GPIO_setAsPeripheralModuleFunctionOutputPin(
        GPIO_PORT_P6,
        GPIO_PIN0
        );

Surely isn't the function you want to use to switch this pin to an analog input or is it? I'd try:

GPIO_setAsPeripheralModuleFunctionIntputPin(
        GPIO_PORT_P6,
        GPIO_PIN0
        );

But as seen in the description of the pin functions (thanks @CL.) it becomes clear that setting the pin to the peripheral function will indeed be enough and the direction is ignored. So it's just misleading but not a deal breaker.
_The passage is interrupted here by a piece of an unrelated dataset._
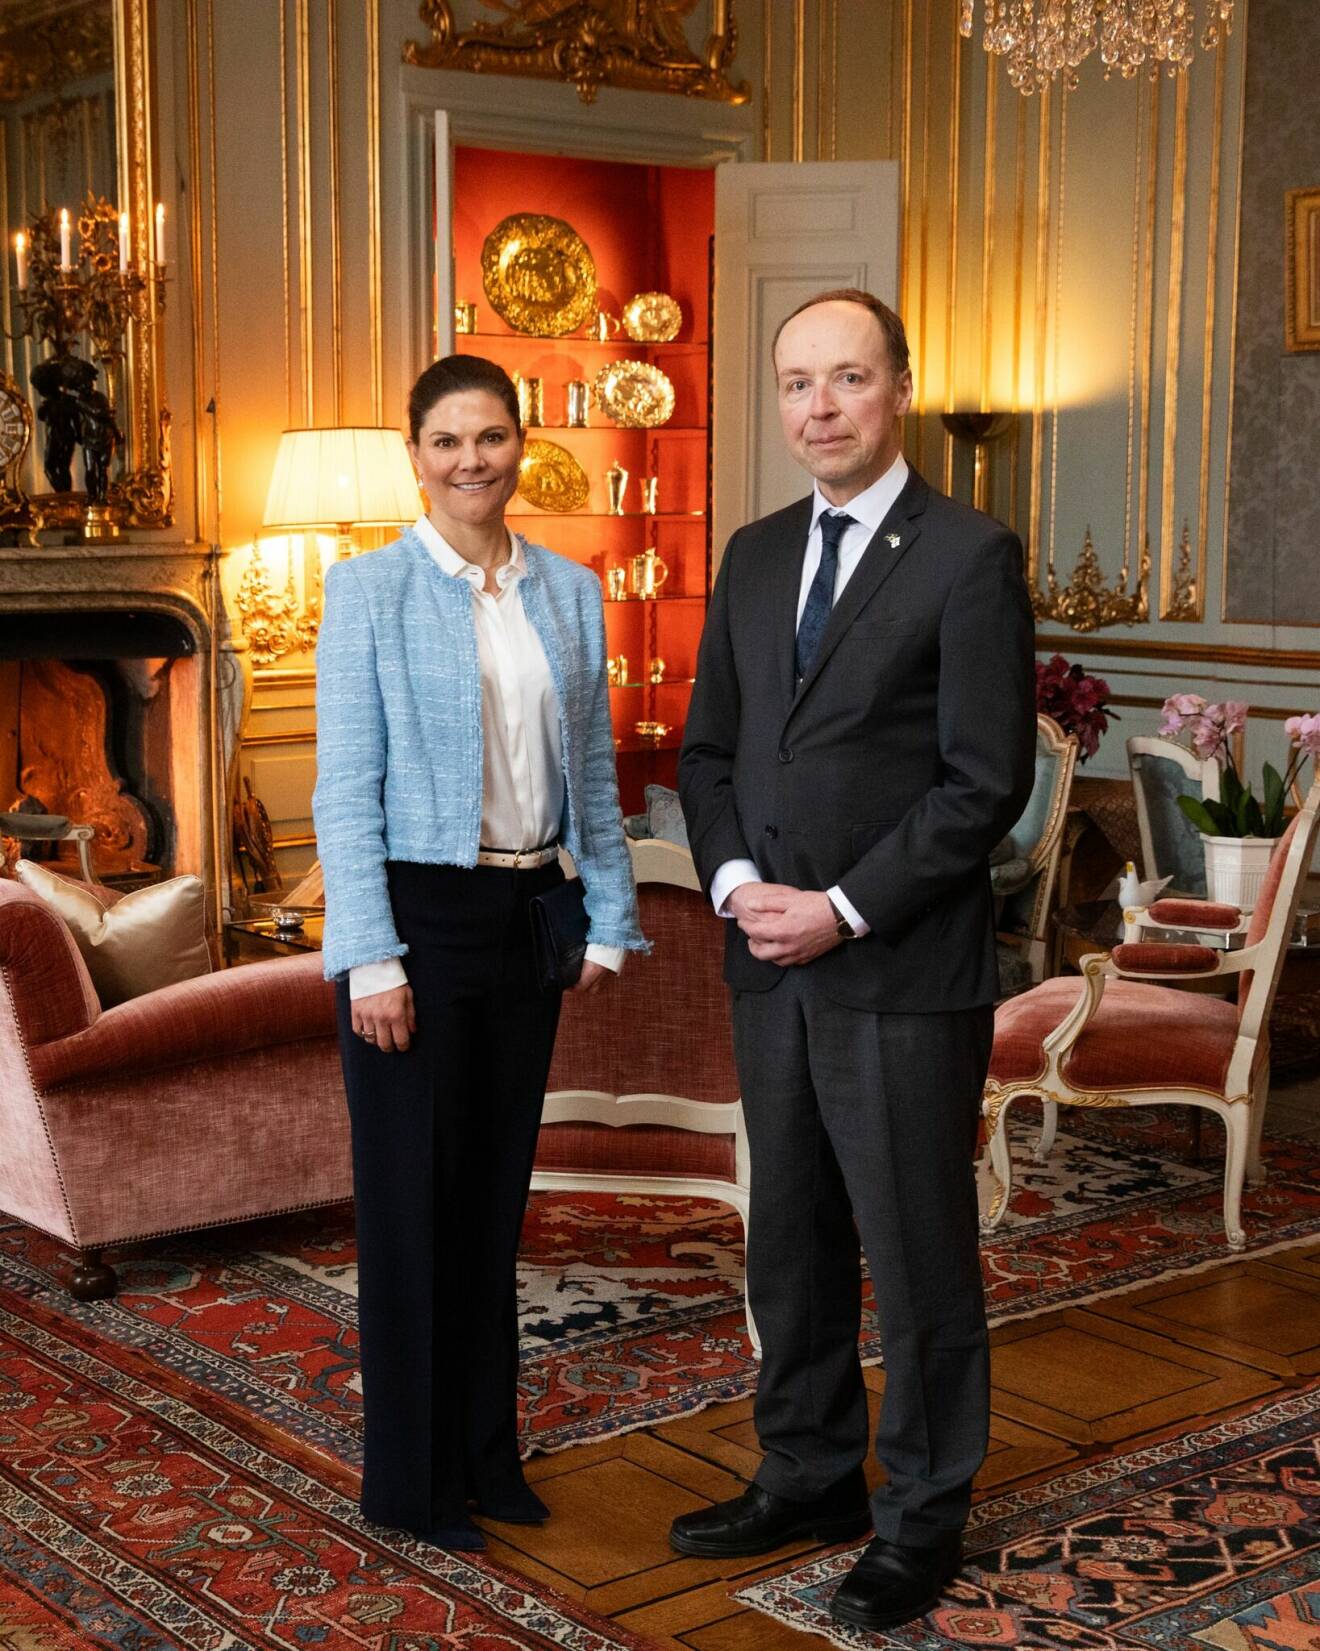 Kronprinsessan Victoria med Finlands talman Jussi Halla-aho i Prinsessan Sibyllas våning på Stockholms slott

Then there is a small thing param.endOfSequence = ADC12_A_NOTENDOFSEQUENCE; which should probably be param.endOfSequence = ADC12_A_ENDOFSEQUENCE; but as you only do a single channel conversion, it shouldn't matter (it's just a bit more clear). And probably change ADC12IFG0 and ADC12IE0 to ADC12_A_IFG0 and ADC12_A_IE0 (but they are just defines to the other values, so no functional issue)

And you are missing a break; after your case in the interrupt vector table, but that won't affect the program much either, just a source for future bugs.

So from a firmware perspective I only have minor nitpicks.

Based on the comments, and reading through the errata sheet, makes me wonder if a single __no_operation(); after the __bic_SR_register_on_exit(LPM0_bits); in the ISR would solve the problem. The errata doesn't explicitly mention the case present here, but there are problems involving setting low power modes, exiting low power modes and corrupting the program counter. So maybe it's another case. Those effects might not be present during debug as the emulation module interferes with normal execution of the core.

But you also mentioned, that if you clear the global interrupt enable your program works also. Which leads me to thinking that your program gets stuck in an interrupt but not the ADC one. You don't have to clear the interrupt flag of the ADC as that is automatically done when reading the memory of the ADC.

Just another note on programming, I'd get the analysis of the ADC value out of the ISR. Keep them as small as possible, just read the value into your global variable and leave the low power mode on exit. Do all the other stuff in your main application. There are cases where you will need a short as possible interrupt latency and if you do stuff inside the ISR you will block other interrupts (except you enable nested interrupts, but those are evil as well).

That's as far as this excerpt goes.